‘Buoyant economy’: Success as Limerick commercial rate collection up

The council revealed that 80 percent of commercial rates were collected last year

The council revealed that 80 percent of commercial rates were collected last year

COUNCILLORS have congratulated Limerick's local authority after they revealed that over 80 percent of commercial rates were collected last year.

The figure represents one of the highest rates of collection in recent times.

The rates income for Limerick City and County Council was nearly €54m for the year 2017, and the council expects that figure to increase again, by around €1m, in the next year.

In tandem with the success in rates collection, the council has also recorded a reduction in arrears, year on year, of around €4m.

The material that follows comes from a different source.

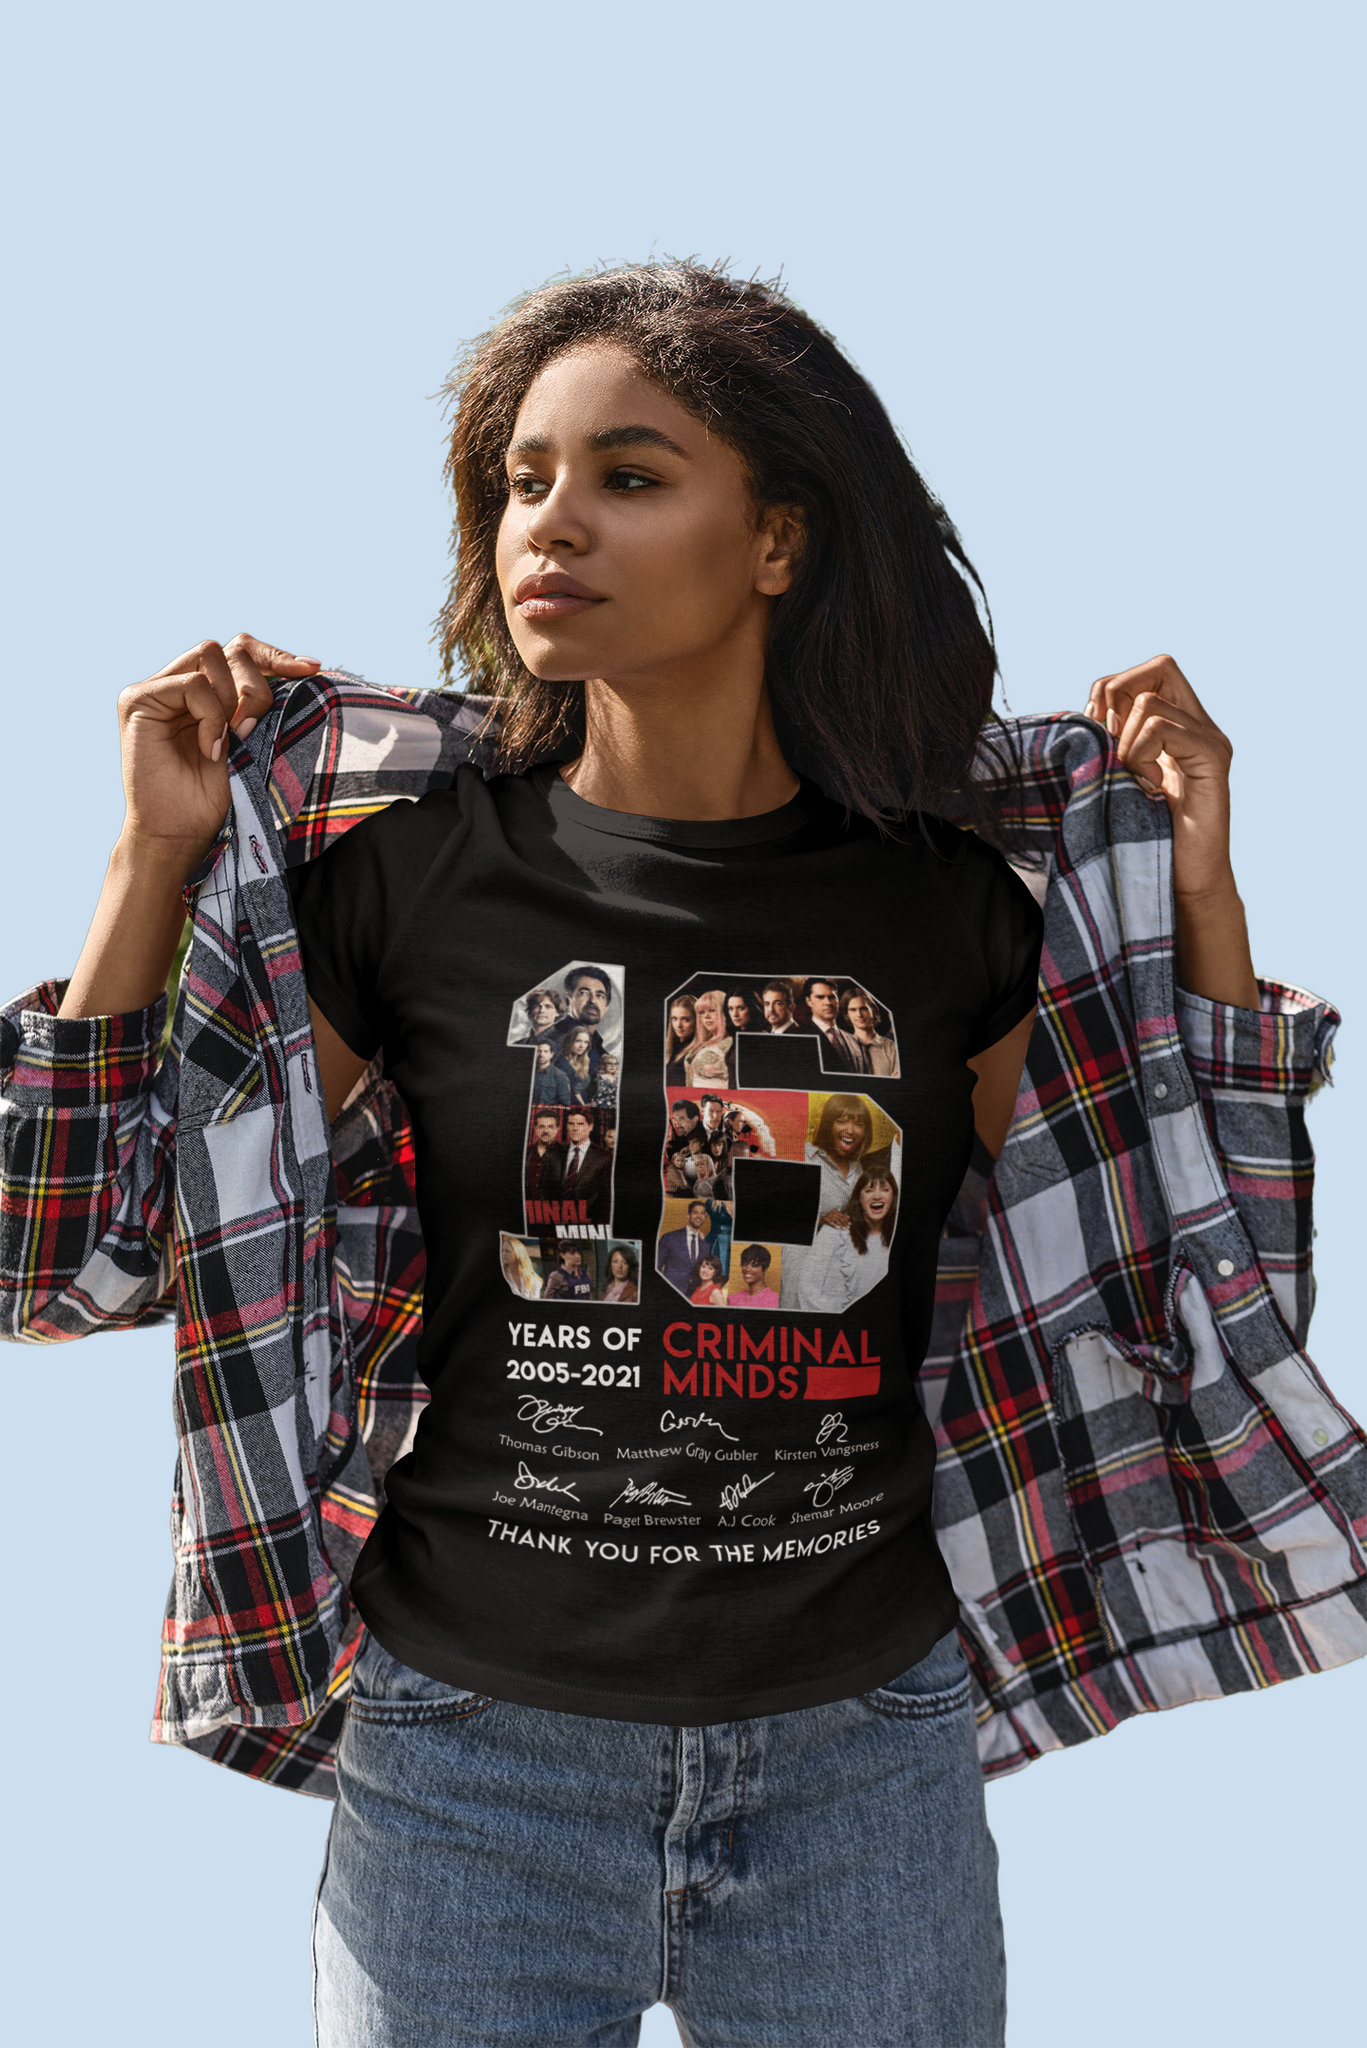 Criminal Minds T Shirt, Criminal Minds Characters Signature Shirt, Thank You For The Memories Year Of 2005 To 2021 T Shirt

The success was welcomed by councillors, and represents an “improvement in the economy for business owners”.

There are a higher number of customers on direct debit, and this development has also led to more reliable payments by ratepayers.

The councillors were briefed on the commercial rates by the council’s head of finance, Sean Coughlan.

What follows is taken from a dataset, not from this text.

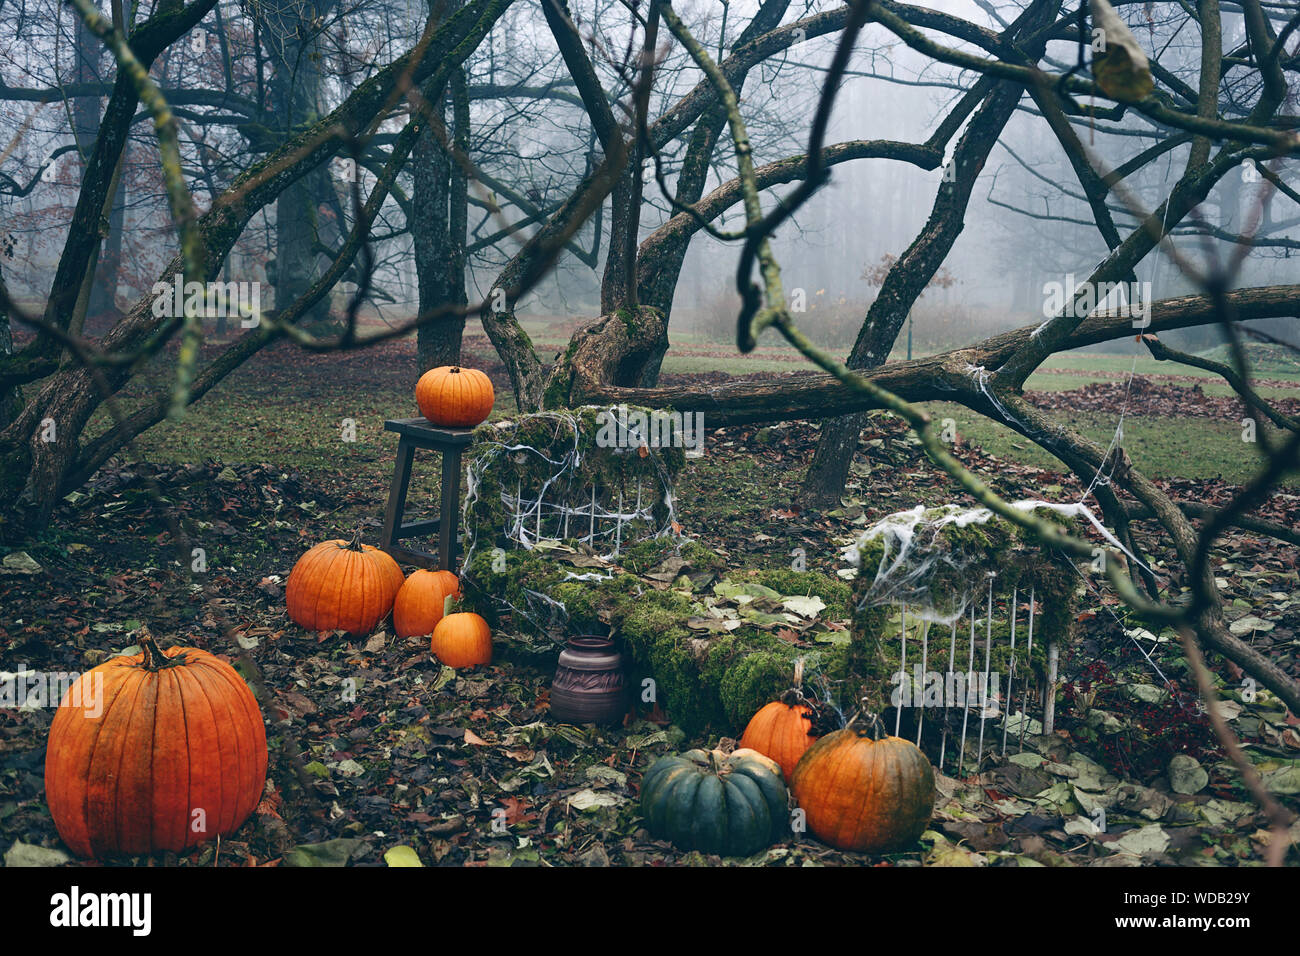 Halloween Decoration With Pumpkins And Spiderwebs Late Autumn In

FF Cllr James Collins, who is himself a rate paying publican, said that “it’s great to see that the schemes offered by the council have worked” at the full council meeting this Monday.

“Not alone is the collection rate increasing, but we also have a reduction in arrears, for current rates but also old balances which are being cleared,” he said.

“This didn’t happen by accident - today we are seeing the fruits of our decisions that we were criticised for at the time,” added the councillor.

FG Cllr Daniel Butler congratulated the council and acknowledged the role of a “buoyant economy”.

“If you engage positively with the council, they will help you,” he said, in relation to the possibility for ratepayers to set up flexible payment plans.

But FF Cllr Kevin Sheahan pointed out that there are still shops and pubs around the county “closing due to rates”.

Arrears in 2017 still accounted for more than €14m, but the council expects to reduce this figure to around €12m in 2018.